Forum Moderators: Robert Charlton & goodroi

Message Too Old, No Replies

Removing Pages with session id's

Googlebot and Safety

         

Vienix

9:12 am on Oct 2, 2006 (gmt 0)

10+ Year Member



So I have a lot of page cached with a sessionid appended, allthough I adjusted the session manager not to append sessions when Googlebot comes by.

I am thinking about using the robots.txt and the Google url removal tool to get rid of those pages.

Googlebot supports wildcards so:

User-agent: Googlebot
Disallow: /pictures/index.php?sessionid*

Should work right?

Or would Google also remove the index.php?

Haven't go the faintest idea....

regards,

Bert

g1smd

12:33 pm on Oct 2, 2006 (gmt 0)

WebmasterWorld Senior Member 10+ Year Member Top Contributors Of The Month



The disallow removes URLs that start with what you state, and include at least all that you state.

Disallow: /abc gets rid of /abc and /abcaaa and /abcdef but cannot touch /ab or /abz etc.

Vienix

1:01 pm on Oct 2, 2006 (gmt 0)

10+ Year Member



I think in case of mr Googlebot only with the wildcard...

Anyway, I have added :

Disallow: /pictures/index.php?sessionid*

And did a removal request....

Takes 5 days....

If Google also removes index.php without the sessionid I will move it all to a new directory and start from scratch.

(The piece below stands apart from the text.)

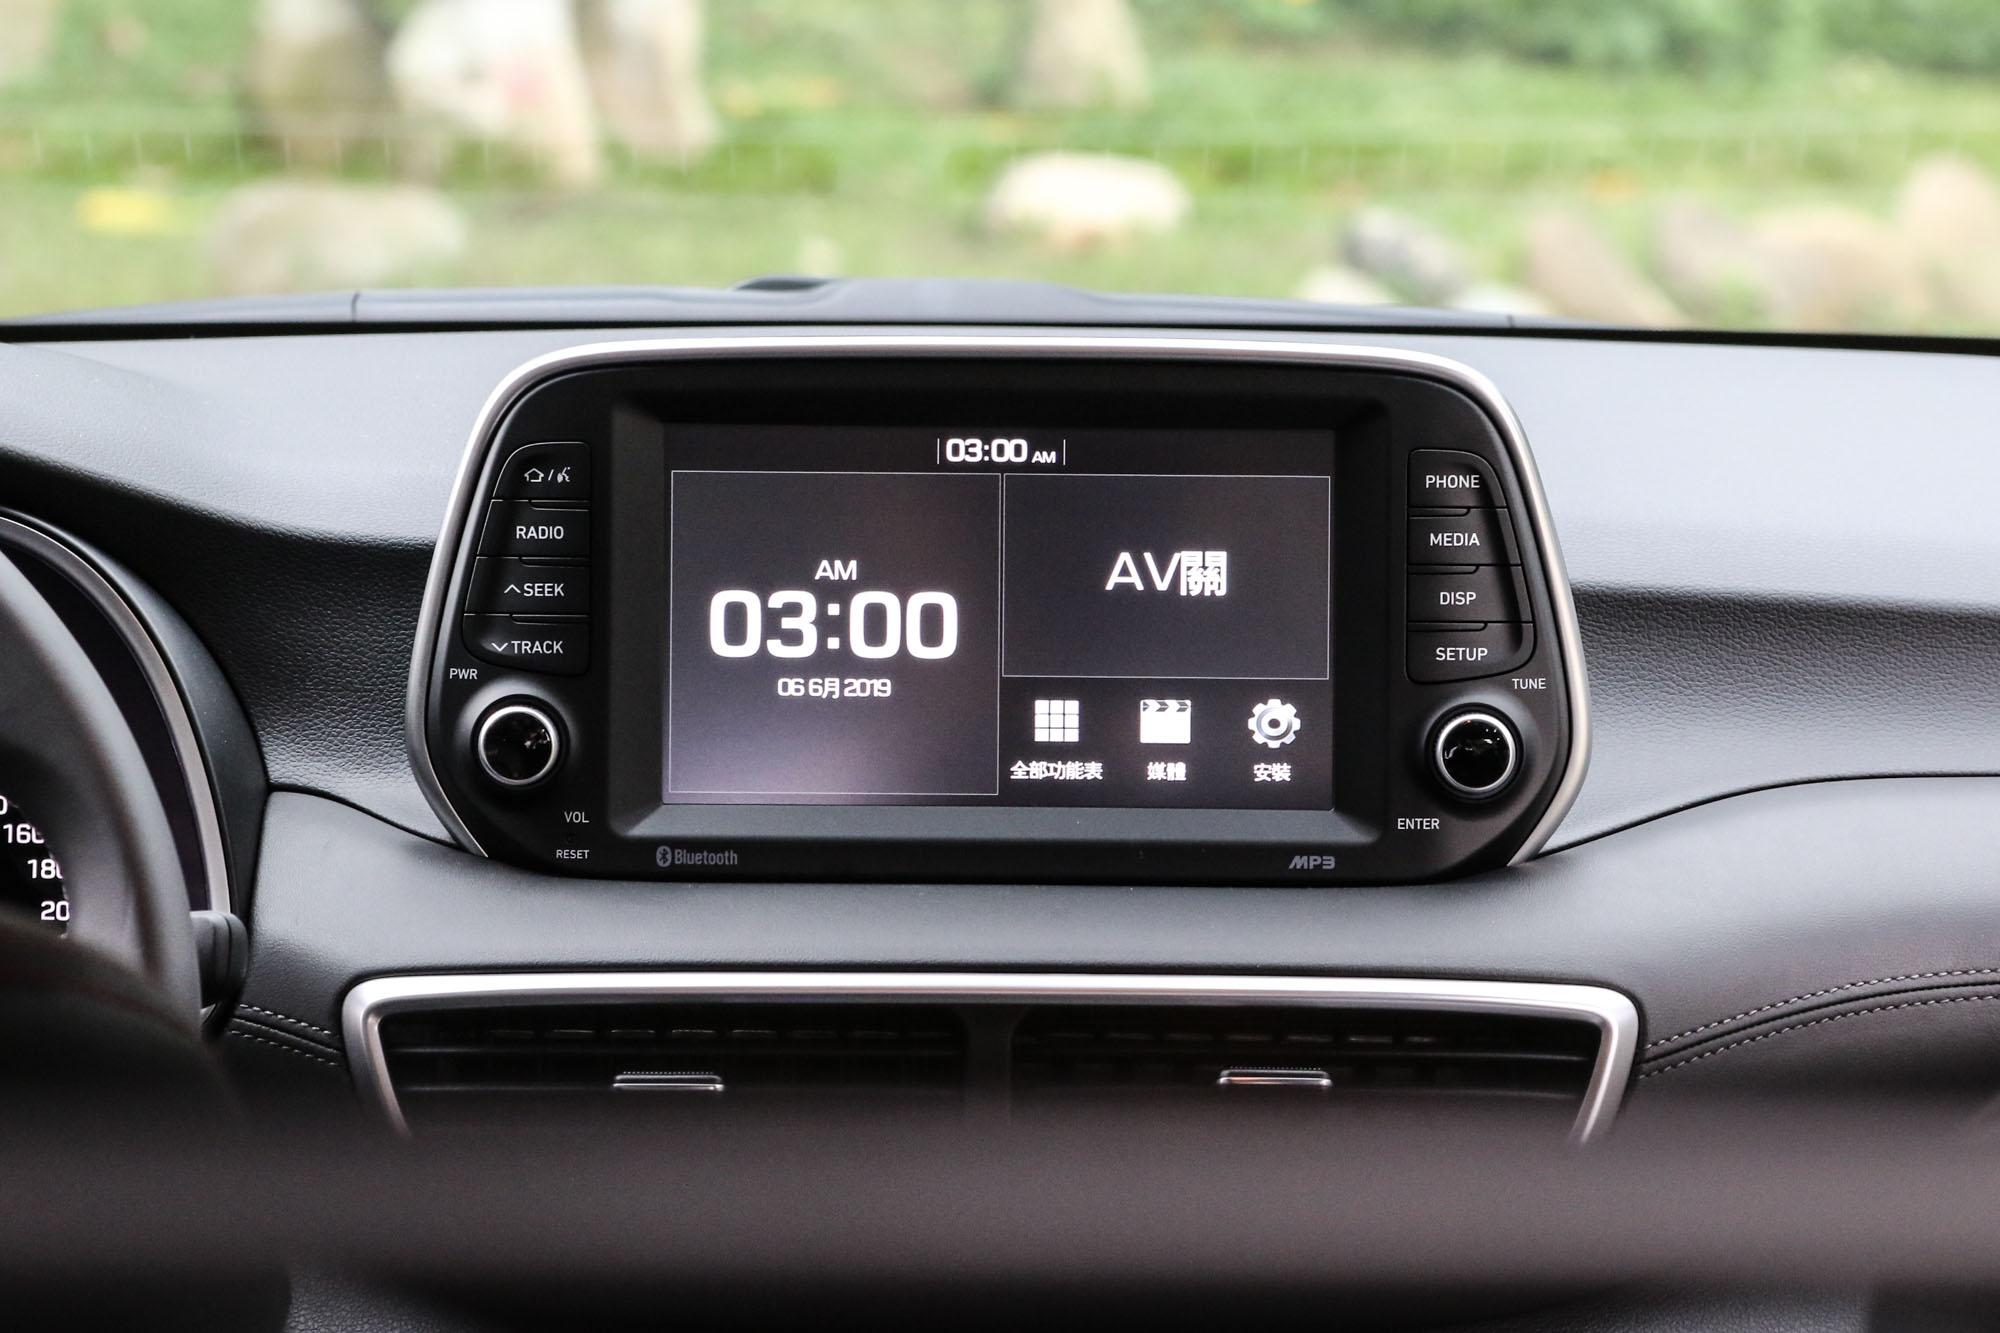 影音配備的升級是此次改款重點,尊爵車型以上都配備 8 吋全彩觸控螢幕。

This site is a mess anyway after proxies etc :)

g1smd

1:13 pm on Oct 2, 2006 (gmt 0)

WebmasterWorld Senior Member 10+ Year Member Top Contributors Of The Month



Hi. Did you read my answer?

Vienix

2:29 am on Oct 3, 2006 (gmt 0)

10+ Year Member



Ok, that worked....

The index.php with sessionid has been dropped by Google...

with this line:

Disallow: /pictures/index.php?sessionid*

I then added this to the robots.txt:

Disallow: /pictures/*sessionid*

and tested it with the robots.txt analysis tool, and entered an url like this:

[mywidgets.com...]

To test, and the url was correctly filtered out..., No error message...

Ha, that would be easy for the removal tool, but unfortunately this message:

URLs cannot have wild cards in them (e.g. "*"). The following line contains a wild card:
DISALLOW /pictures/*sessionid*

So it seems the "ordinary" bot understands, but the removal tool doesn't....

ansible

5:02 am on Oct 3, 2006 (gmt 0)

10+ Year Member



For reference, please see this older thread on the same subject: [webmasterworld.com...]

g1smd

10:29 pm on Oct 3, 2006 (gmt 0)

WebmasterWorld Senior Member 10+ Year Member Top Contributors Of The Month



You never need the star at the END. A right-hand wildcard is ALWAYS assumed as "URLs that include at LEAST this".

The wildcard stuff should go in the User-agent: Googlebot section, and that section should ALSO include all of the stuff that was in the User-agent: * section too.